I check the two outer terminals - they are closed. The two inner terminals are 3.7k, but the wiring diagram I have shows that is the correct value.

The diagram shows this has 3 coils - "booster coil", "secondary coil", and "holding coil". How can I check them?

There isn't an easy access panel in the back, but I may be able to peek through a small hole in the back to see what the burner is doing.

Thanks!


----------



## thefixer56 (Feb 23, 2014)

Holding coil should read around 1365 ohms, booster coil 560 ohms and secondary coil 1220 ohms. Probably ok though as you said you did get flame at one point. These coils can read ok and function ok initially yet still fail after burner is on. Common for them to be intermittent. Interesting that your wiring diagram shows 3.7k for the bias heater.
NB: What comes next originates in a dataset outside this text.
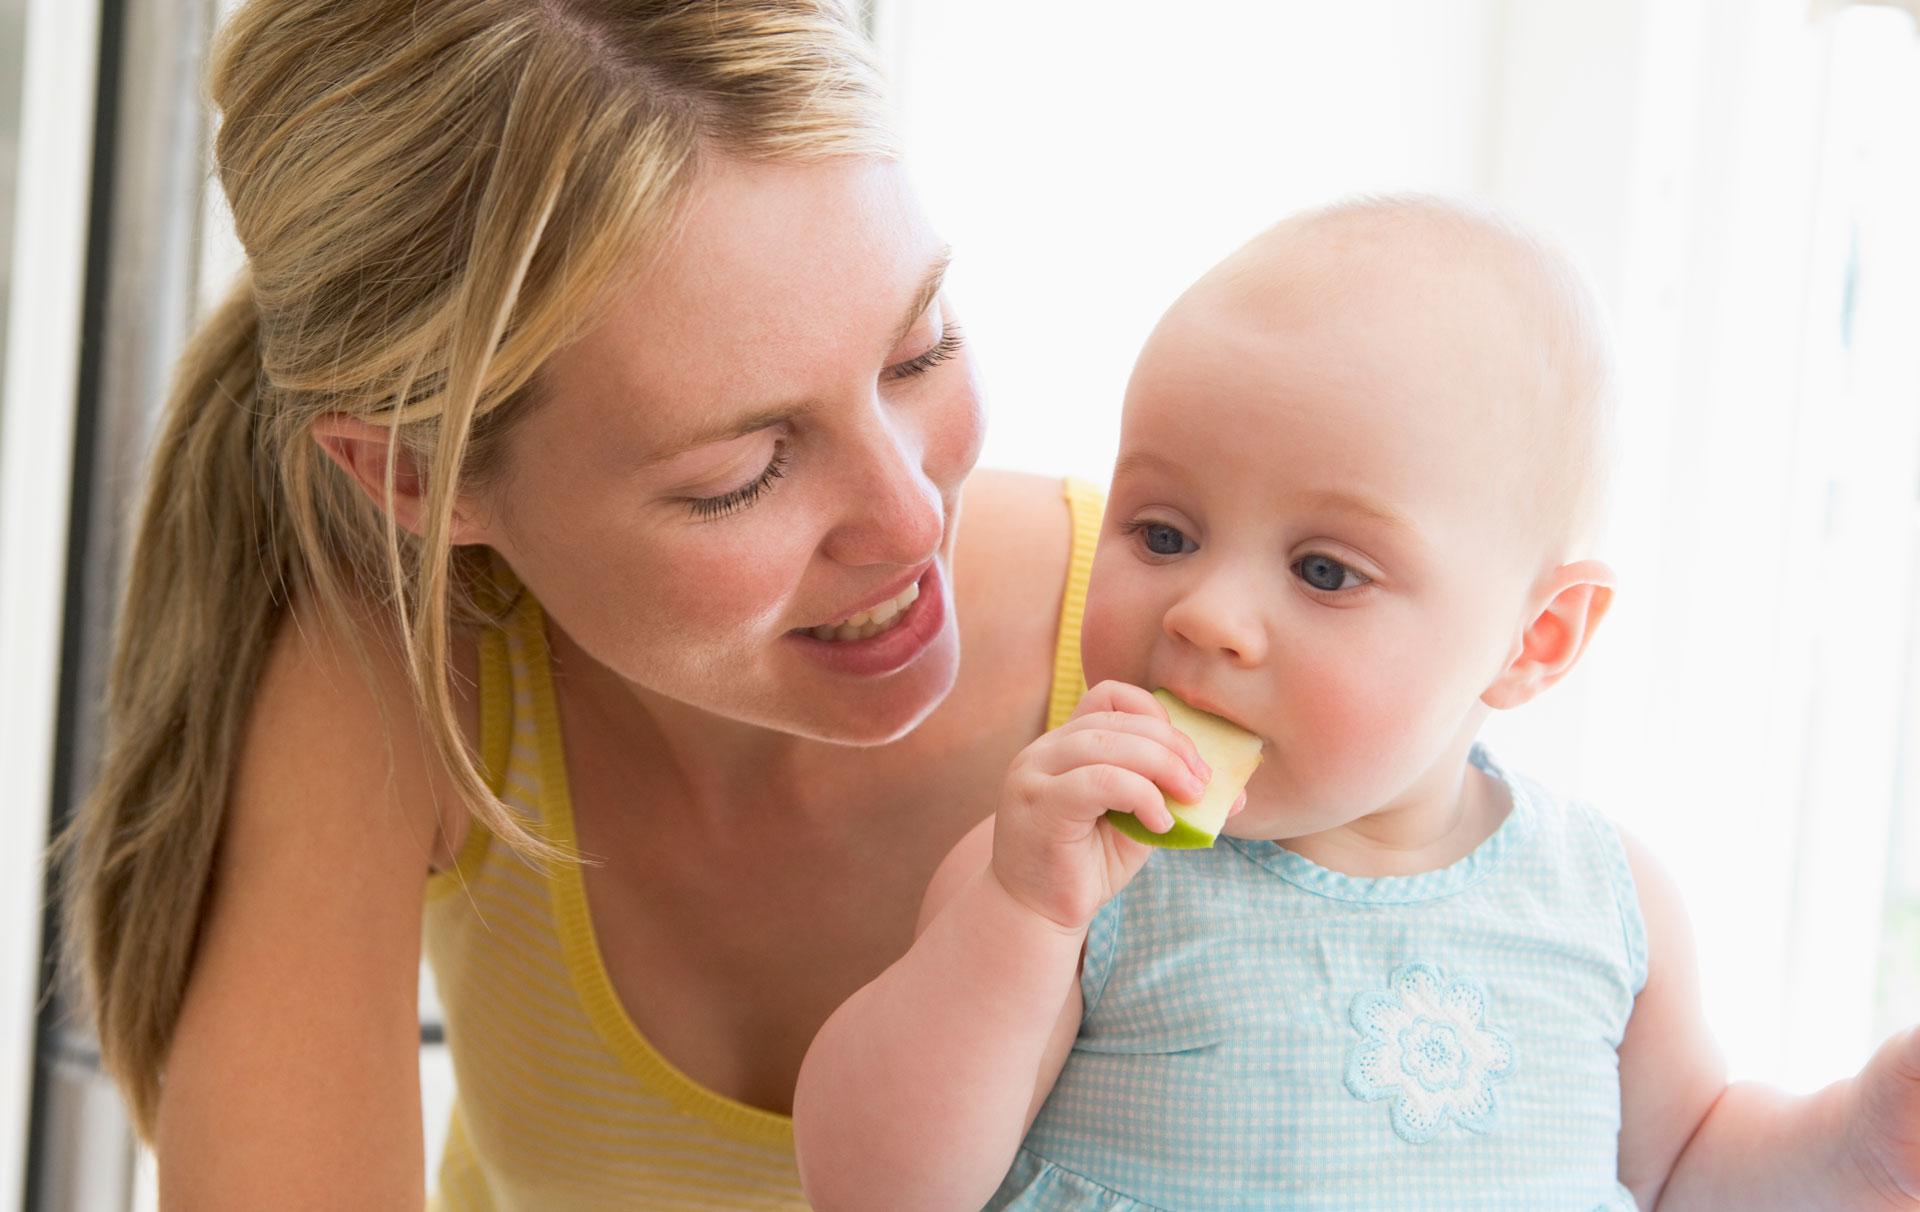 Baby-led weaning (BLW)

Here is link to parts manual with wiring schematic showing 2.95k

ftp://ftp.electrolux-na.com/prodinfo_pdf/webster/95361069.pdf


----------



## digitalplumber (Jul 8, 2011)

I bet its the 2 little black coils under that tie wrap. Mine have failed 2 times on a Maytag causing it to no heat. I forget their name.


----------



## kristok (Apr 2, 2014)

Just to wrap this up, it was the coils. Not sure exactly which one as we replaced both of them. They must have just been starting to go, because their resistance measured OK, but after the burner was on for a few minutes they would give out.


----------